■ WHAT IS BEING ASKED:
Using the entries that follow, transcribe only the lines from the line with "Sen. Ted Cruz" to the line with "SG Test Cricket Junior / Youth Elbow Guard", both included, exactly as they stand and without pictures.

-------- GIVEN INFORMATION

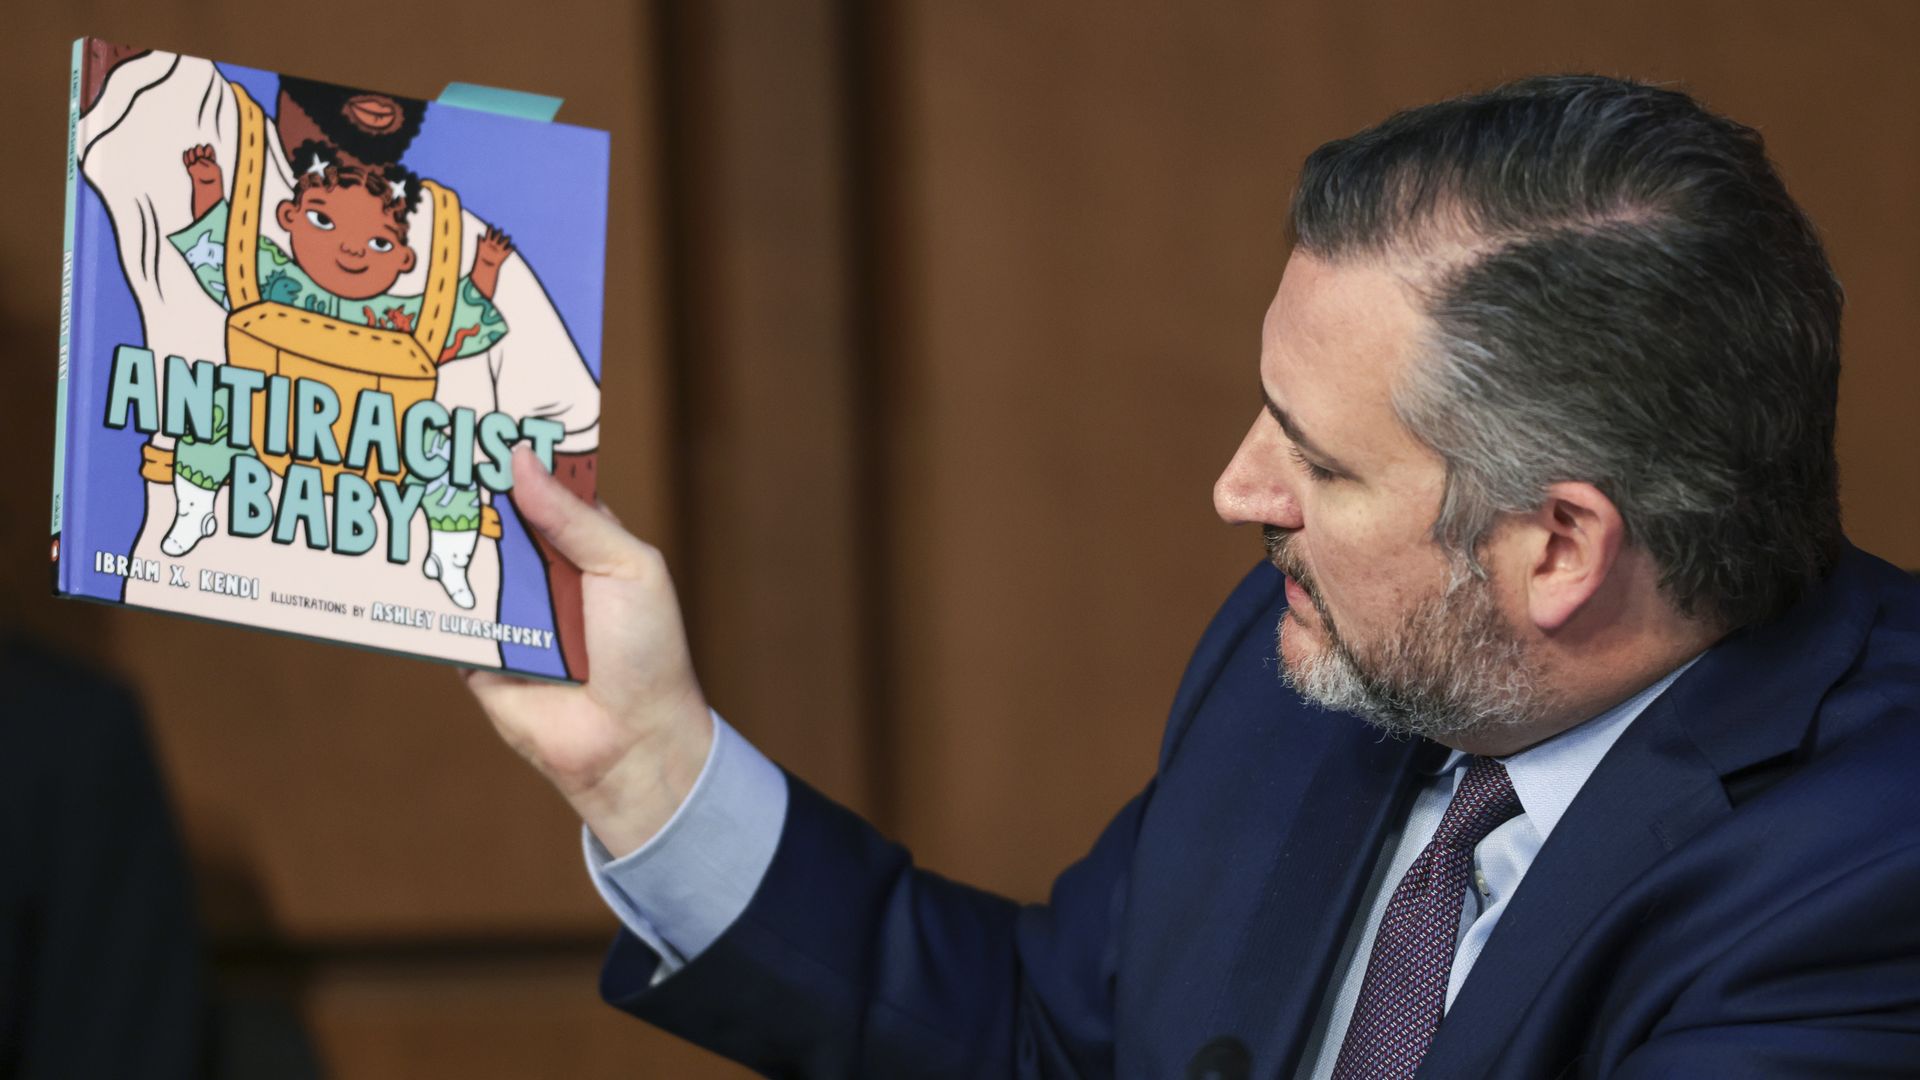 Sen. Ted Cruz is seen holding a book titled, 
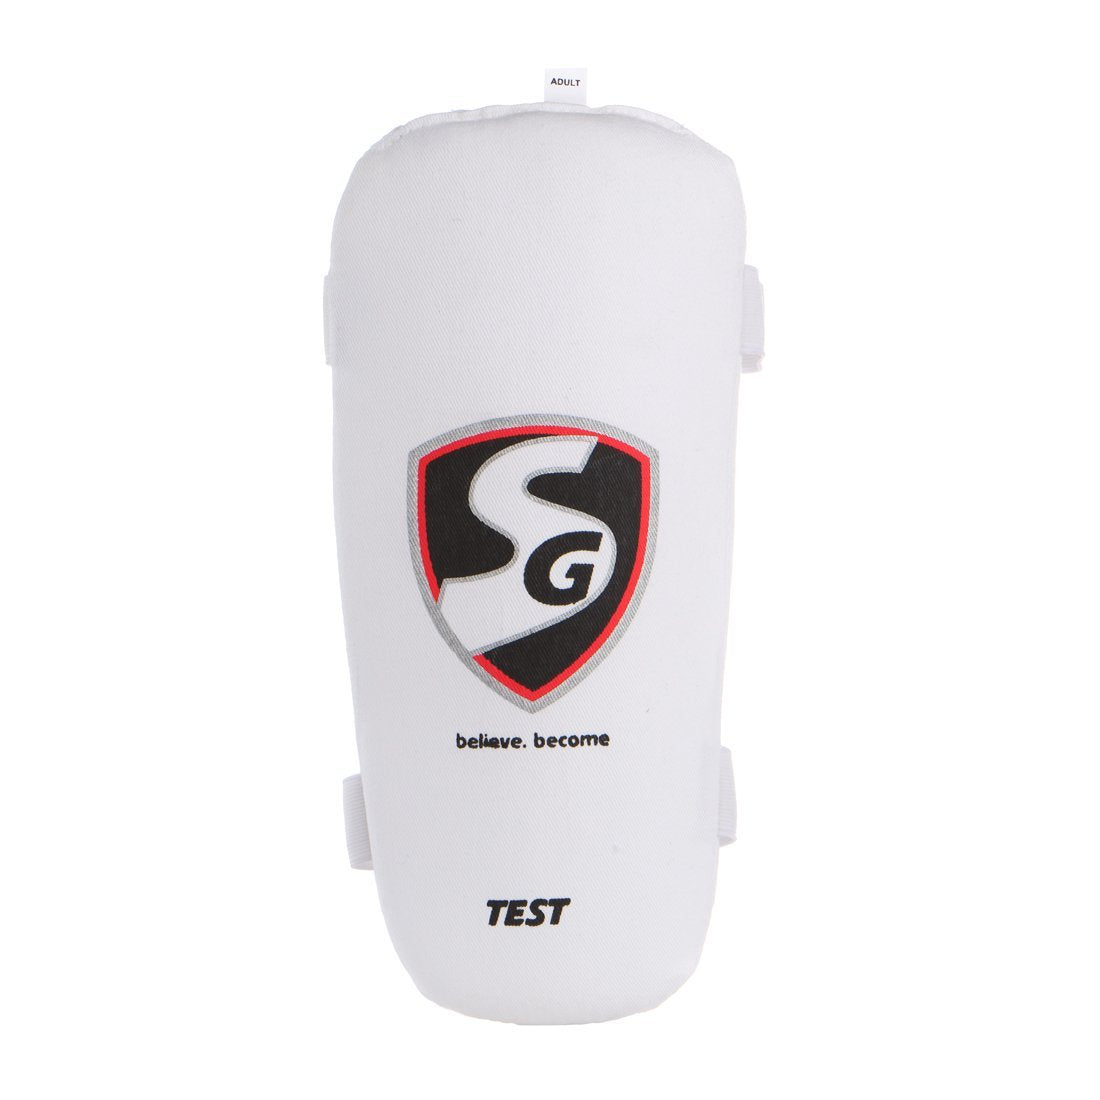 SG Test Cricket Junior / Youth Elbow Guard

----------------
-------- GIVEN INFORMATION

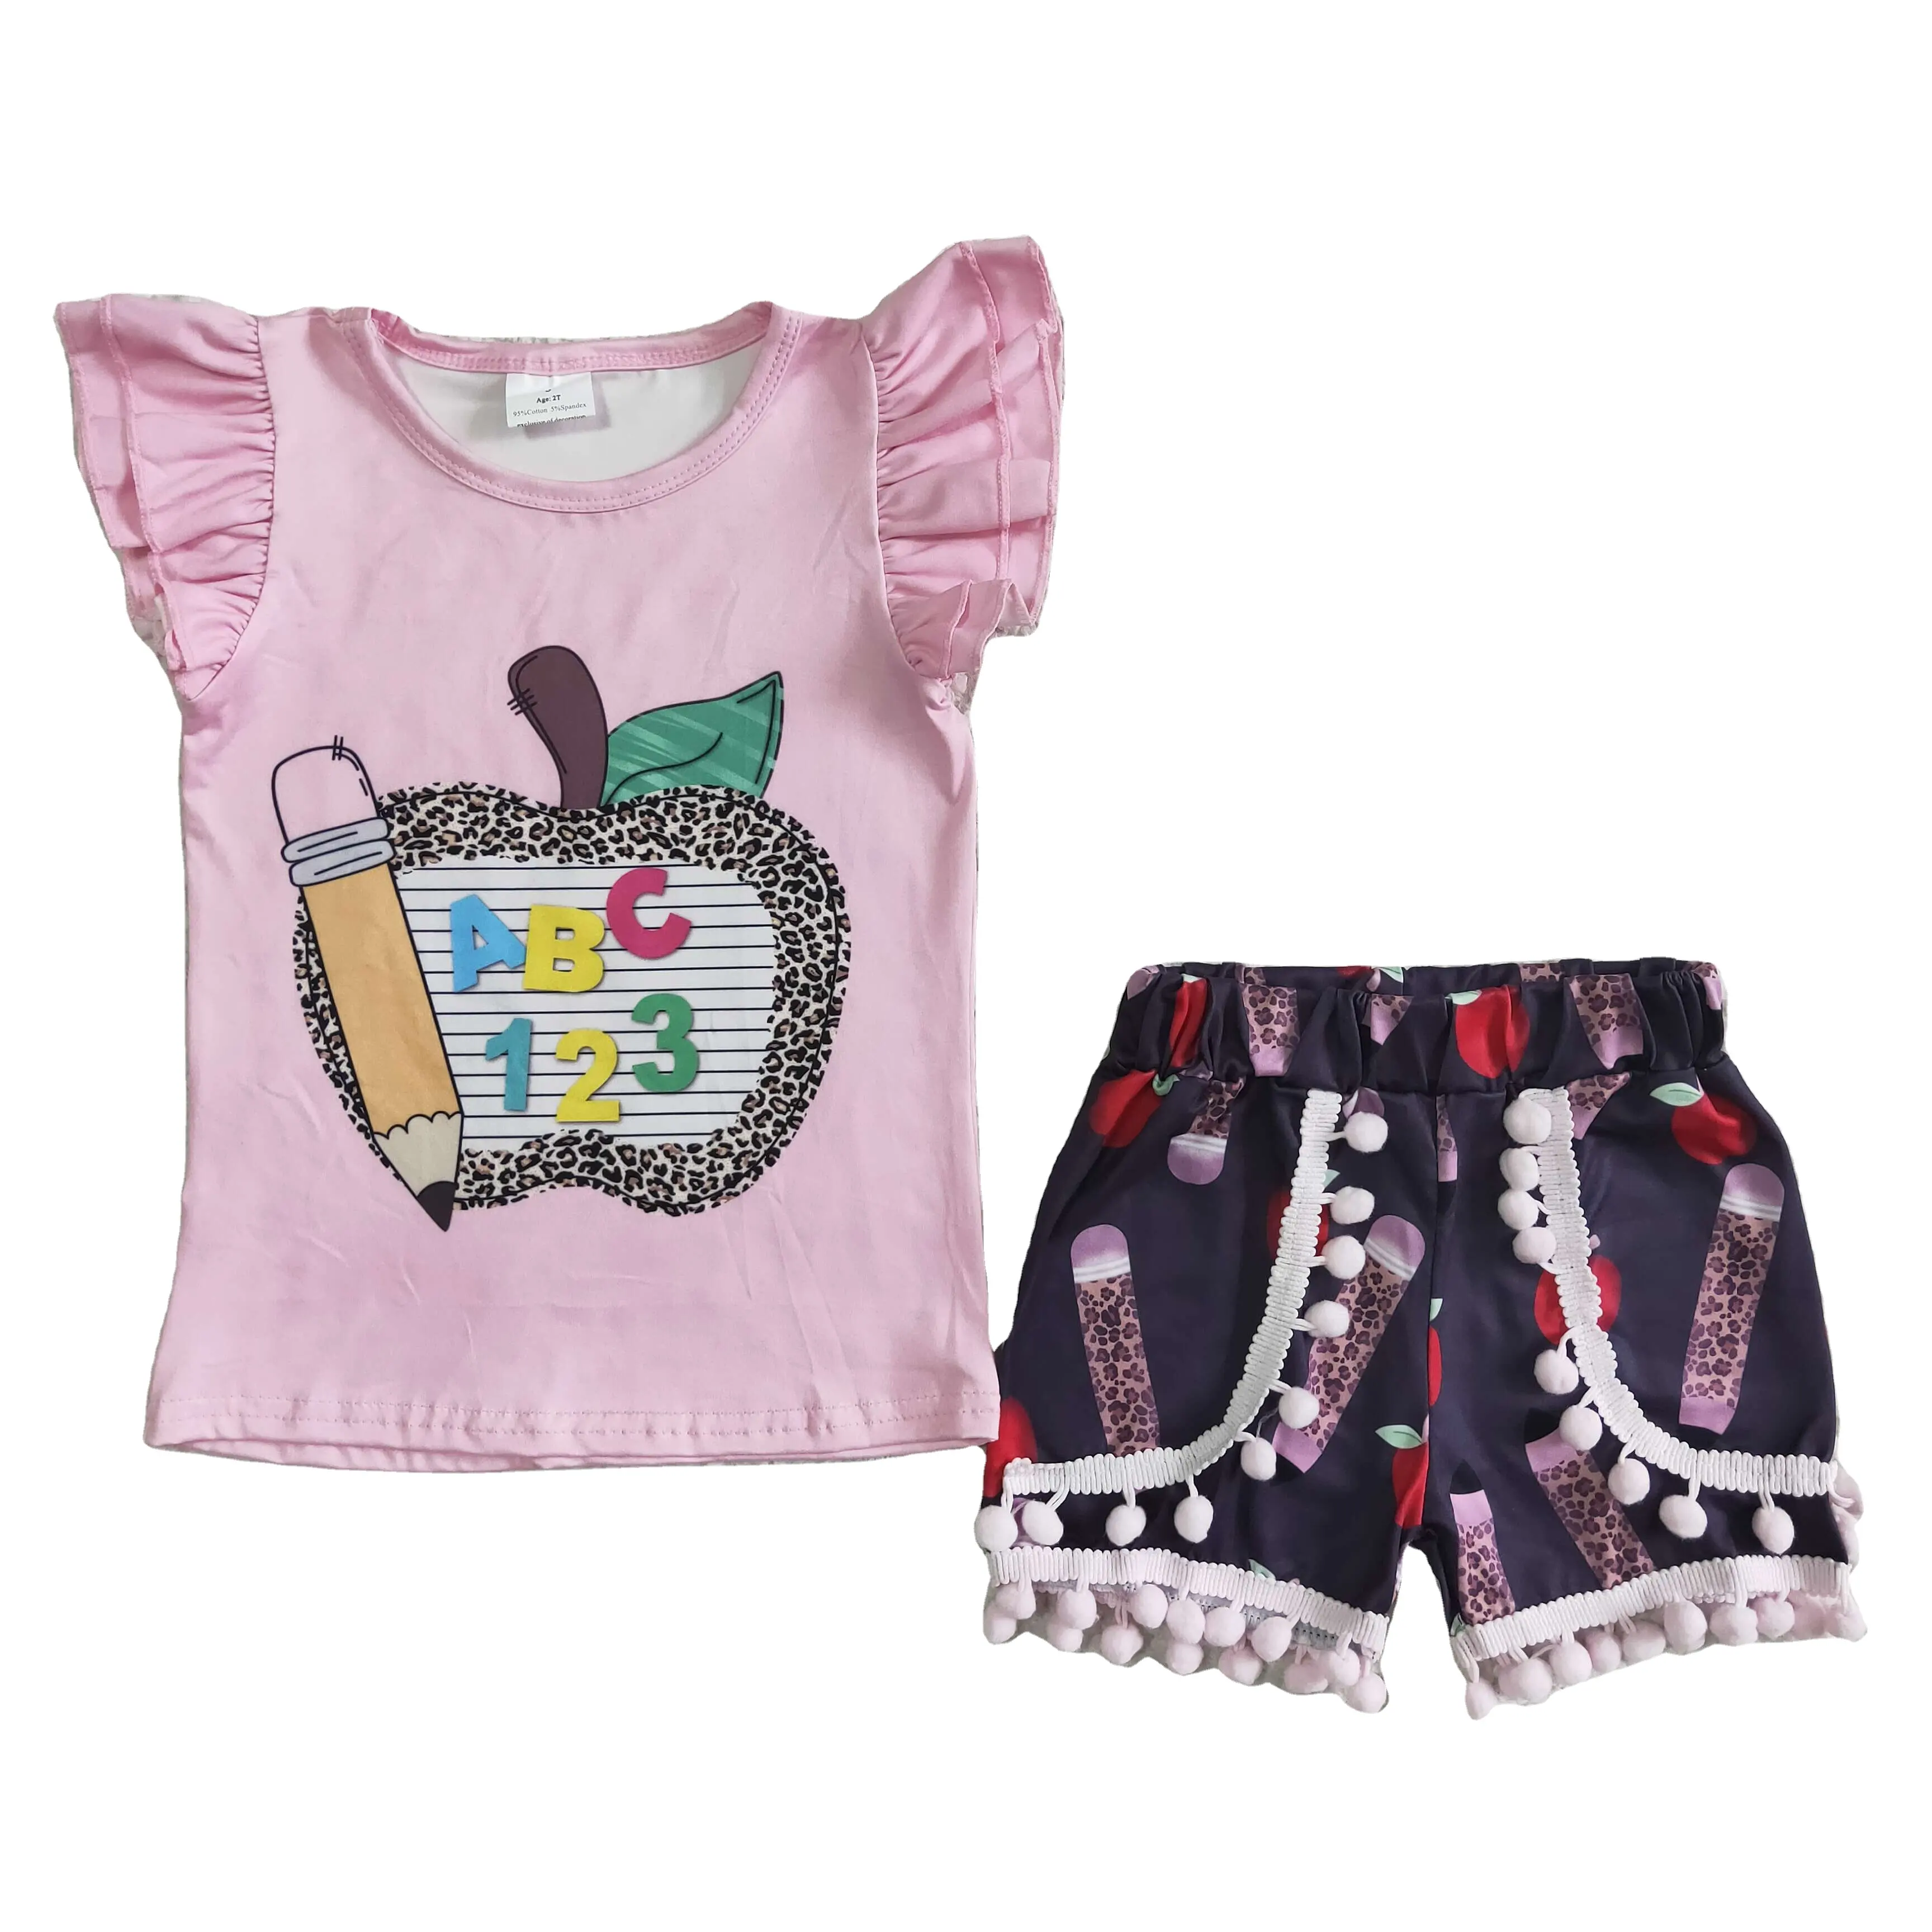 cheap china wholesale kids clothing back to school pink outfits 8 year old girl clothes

----------------

■ EXERCISE ANSWER:
 Sen. Ted Cruz is seen holding a book titled, 
 SG Test Cricket Junior / Youth Elbow Guard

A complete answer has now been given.